Hypertensive patients have more hemodynamic instability during general anesthesia than do patients with NORMOTENSION. In this study, the investigators evaluated the usefulness of carotid ultrasound and inferior vena cervical ultrasound for predicting hypotension after induction of anesthesia in patients with hypertension.


Clinical Trial Description

Carotid and venous ultrasonography is performed in a comfortable state. Corrected blood flow after carotid ultrasound and carotid artery blood flow rate were measured.

After inferior vena cava sonography, using the embedded software, the collapsibility Index by measuring the largest and smallest diameter during the respiratory cycle will be obtained.

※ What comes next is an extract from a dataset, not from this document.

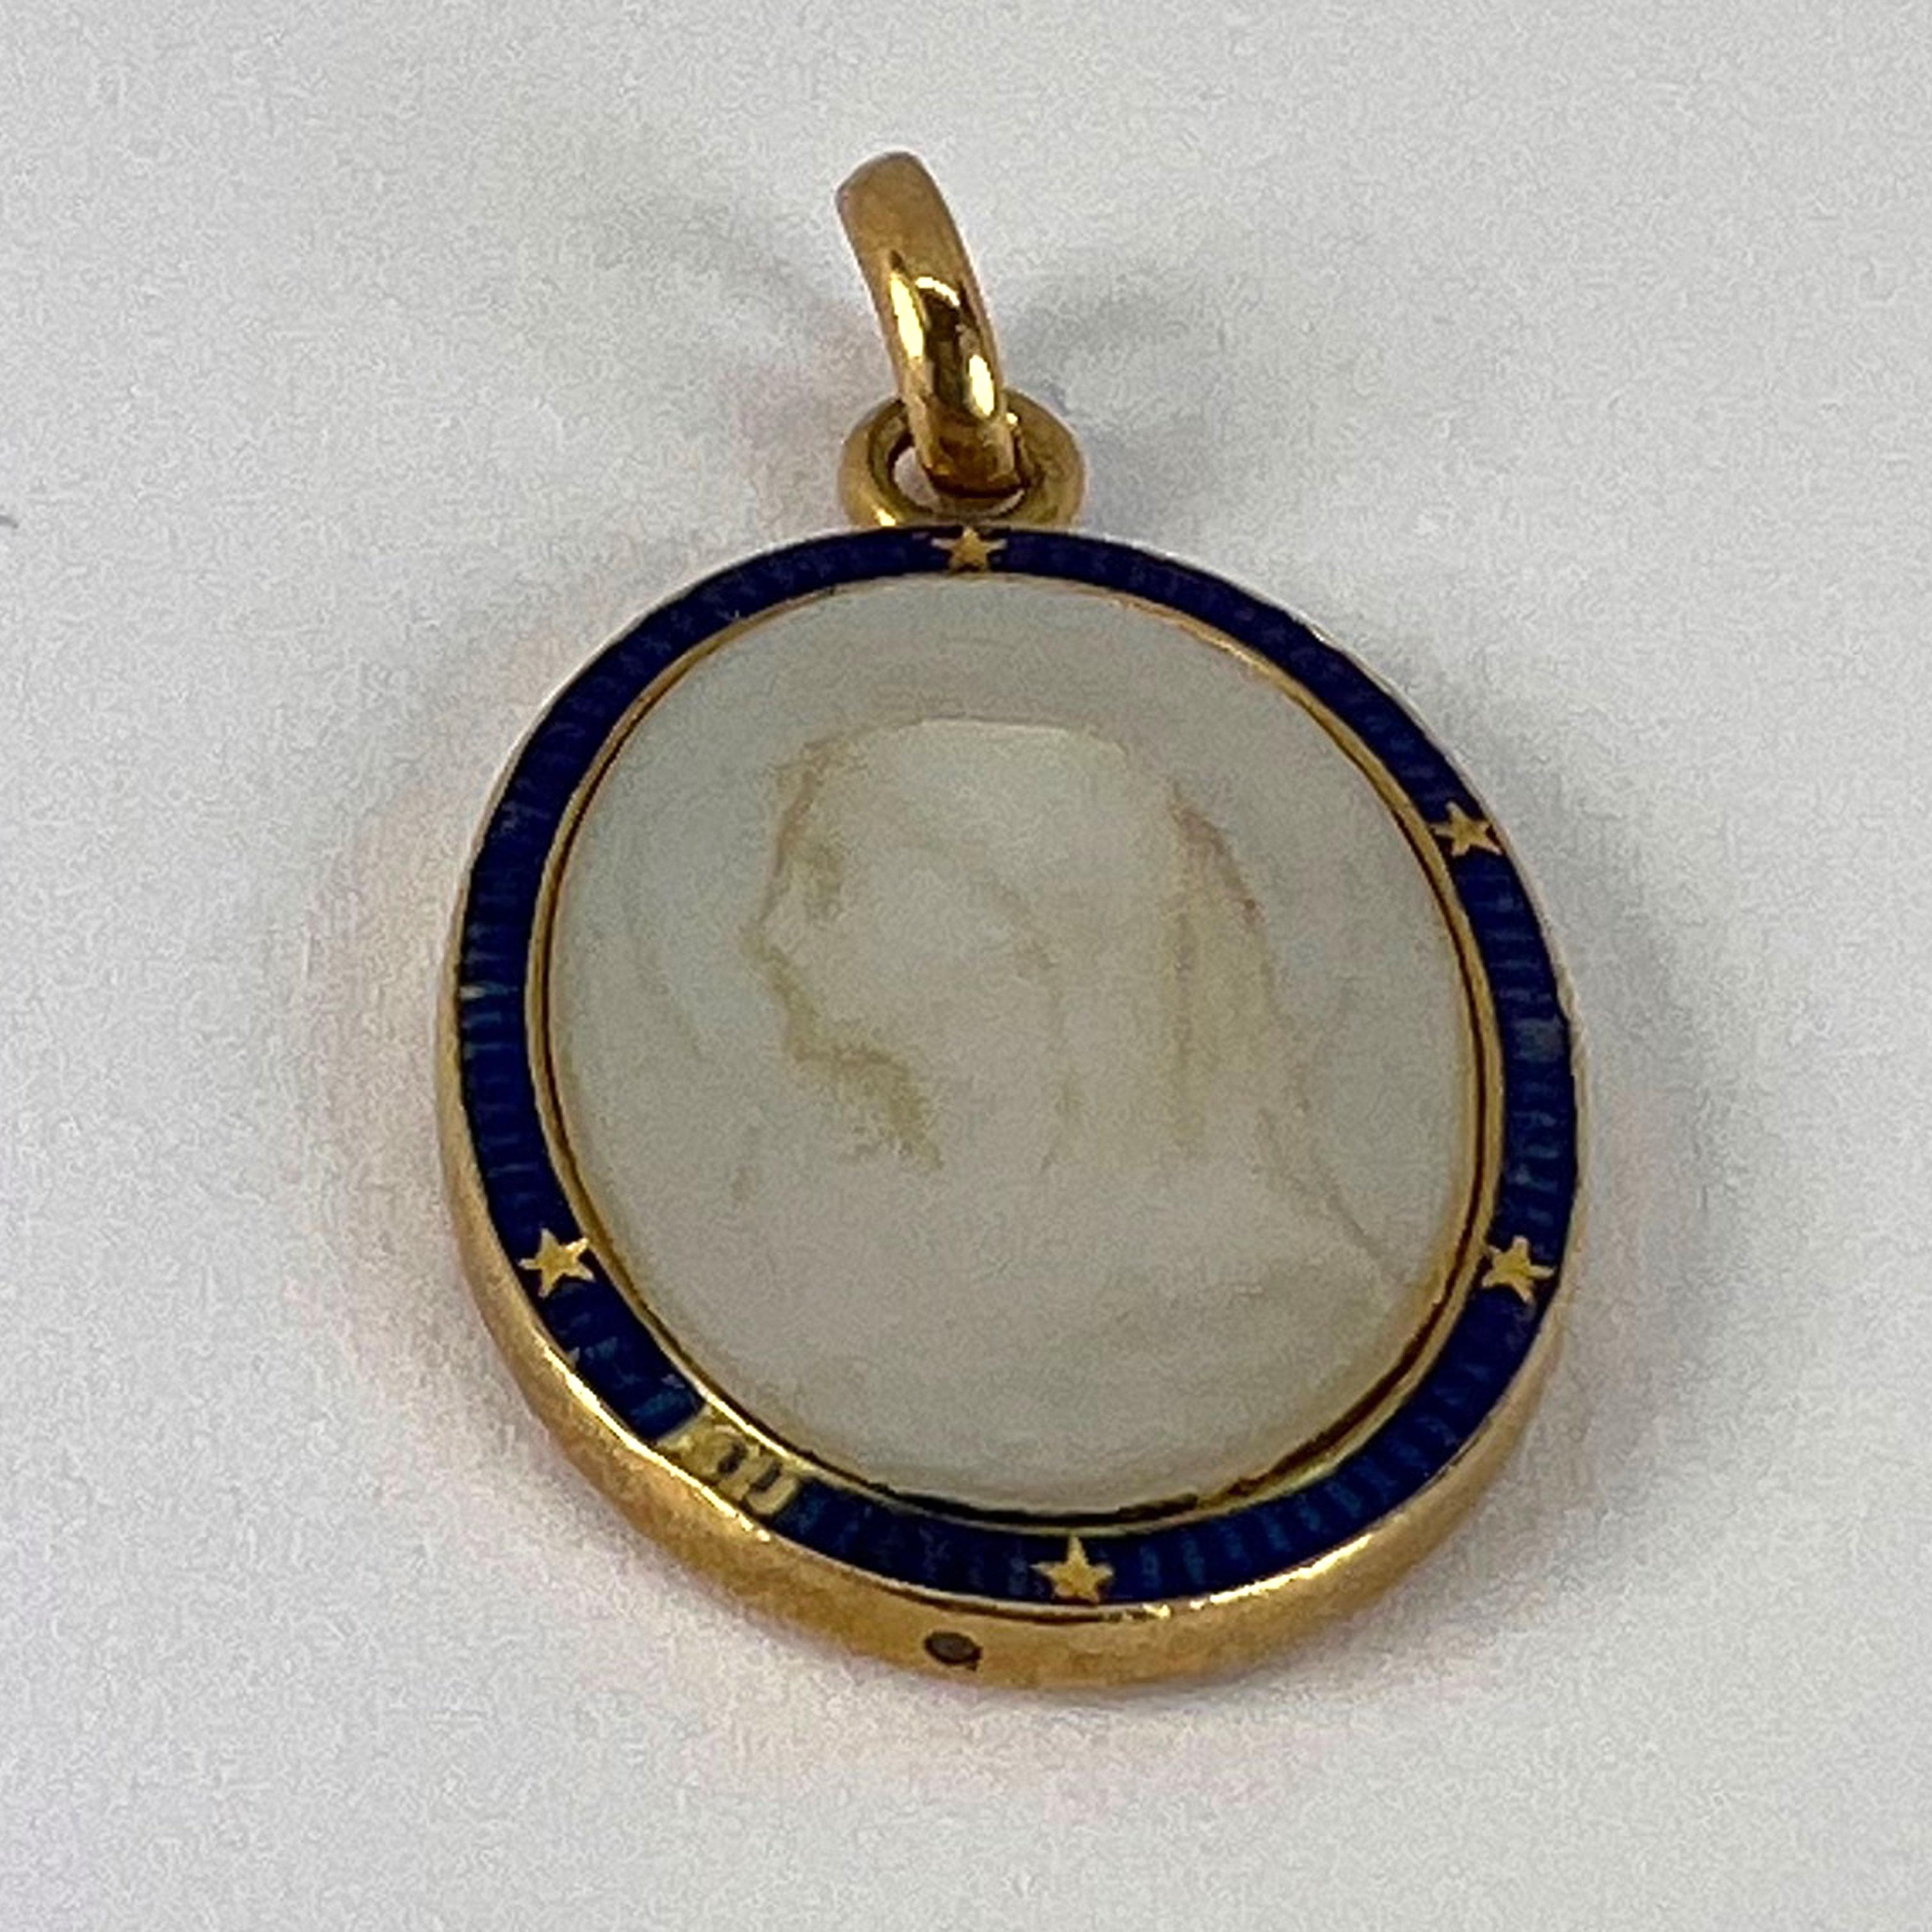 French Virgin Mary 18K Yellow Gold Mother of Pearl Enamel Charm Pendant 6

After confirming baseline blood pressure and pulse rate, propofol 2 mg / kg is administered and remifentanil is maintained at 4.0 ng / mL using the Target Control System (TCI).

Following the administration of rocuronium 1.0-1.2 mg / kg, and 1 minute and 30 seconds after BIS 60 or less, endotracheal intubation is performed using video laryngoscope.

Blood pressure and heart rate are measured at prior to induction, 1 minute after the induction, immediately after intubation, and at 1, 3, 5, 7 and 10 minutes after intubation.

Post-induction hypotension after anesthesia induction is considered as a decrease of 20% or more of the pre-anesthesia blood pressure or a mean arterial blood pressure of less than 60 mmHg.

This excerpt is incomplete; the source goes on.